The World Bank Part 2
George Hewison Political Economy Newsletter Volume 2, #12 December, 2014
Last month’s Political Economy Newsletter briefly dealt with the genesis of the World Bank, a brainchild of United States capitalism after WW II. No strategic or tactical consideration for social advance and/or change is possible without factoring in such important components of global capitalism as the World Bank and the IMF. The P.E.N. is therefore indebted to Eric Toussaint, President of the Committee for the Abolition of Third World Debt, and his thoroughly researched book, “The World Bank-A Critical Primer”.
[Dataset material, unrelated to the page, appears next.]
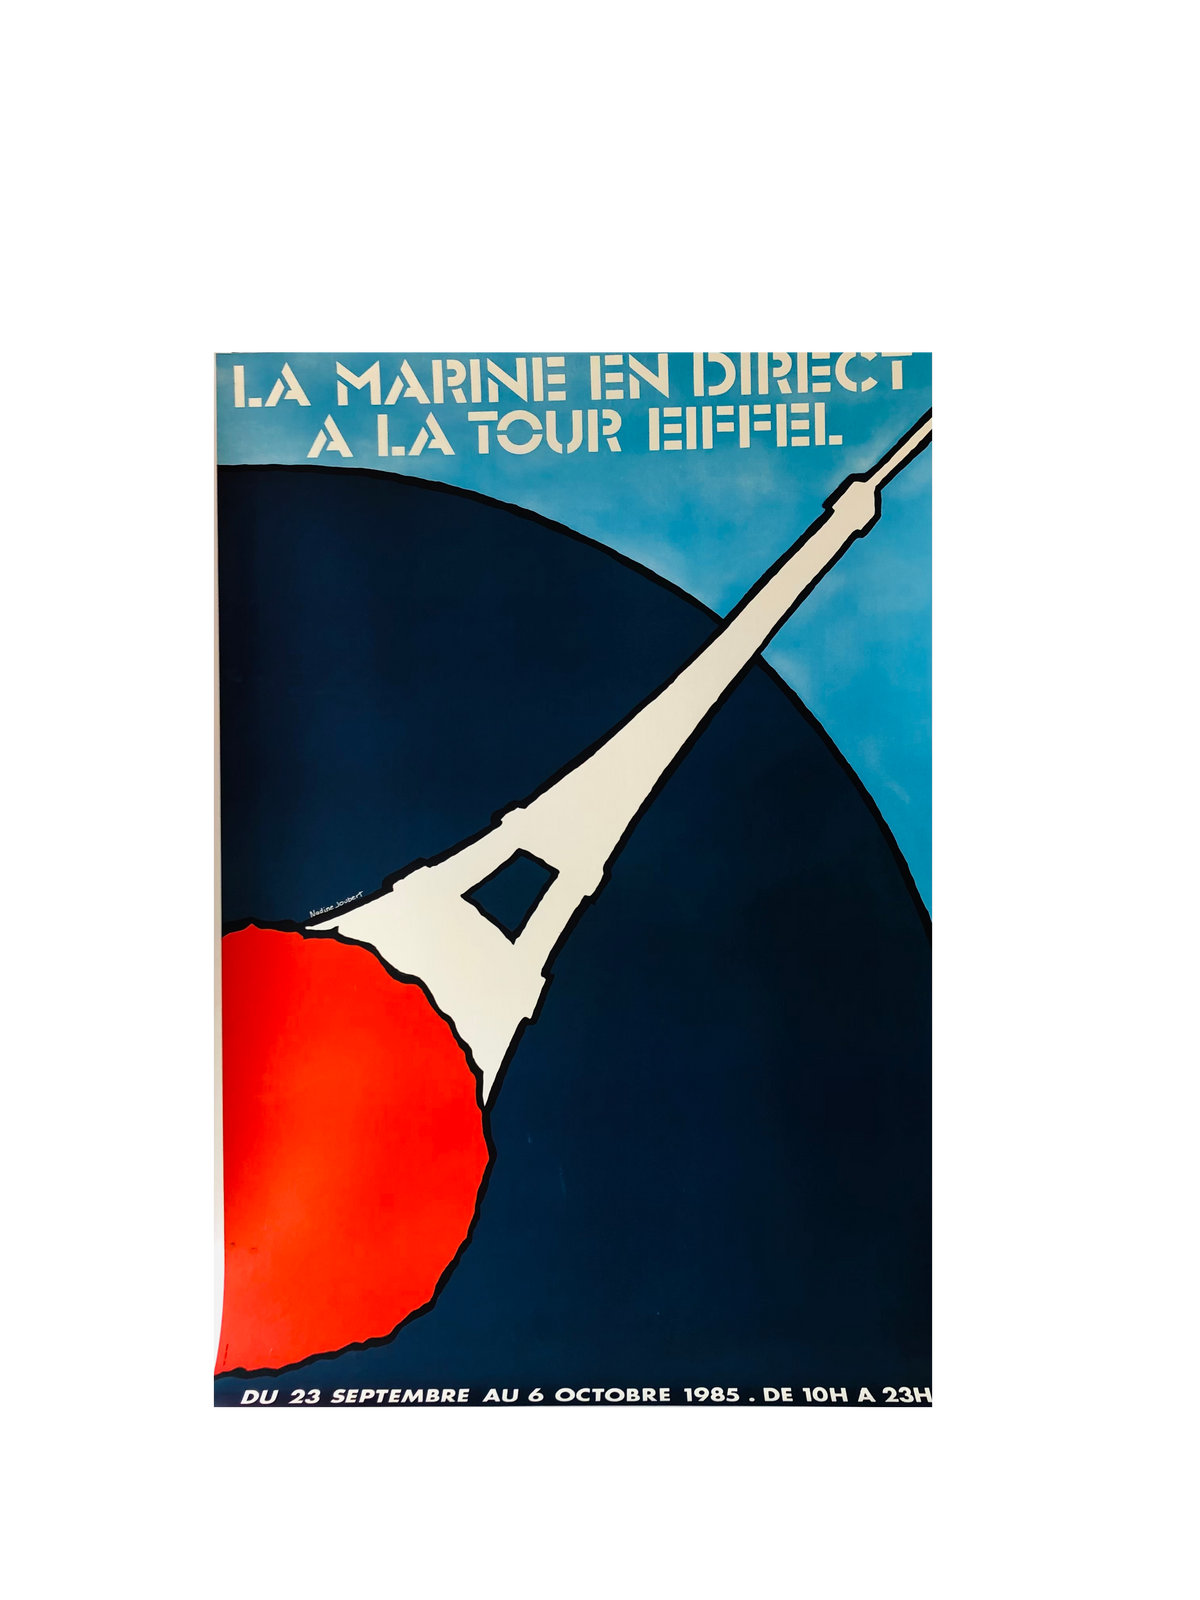 La Marine en Direct a La Tour Eiffel by Nadine Joubert

With Toussaint’s account, the reader is struck by two salient points. First, the World Bank is no charitable foundation; and two, its main goal, from inception to the present, was to guarantee that US capital consolidated and extended its preeminent position throughout the world. The Bank receives money from private banks at prevailing rates of interest, and, in turn, lends to client countries at market interest rates provided that those countries, that desperately need development capital, meet certain criteria laid down by the bank. It is this criterion that establishes the World Bank as the extension of US foreign policy and the needs of its global capitalist enterprise.
Immediately after World War II, the loans granted by the World Bank went for the reconstruction of Europe. By 1946-47, Communist parties, that had been in the leadership of the underground resistance in Nazi-occupied France and Italy, had emerged as the most popular political parties and poised to become government. But “aid” packages of the Marshall Plan, along with the strings of World Bank loans, precluded Communist participation in government and effectively thwarted the Communists and any revolutionary sentiment in those countries. Capitalism in Europe was saved.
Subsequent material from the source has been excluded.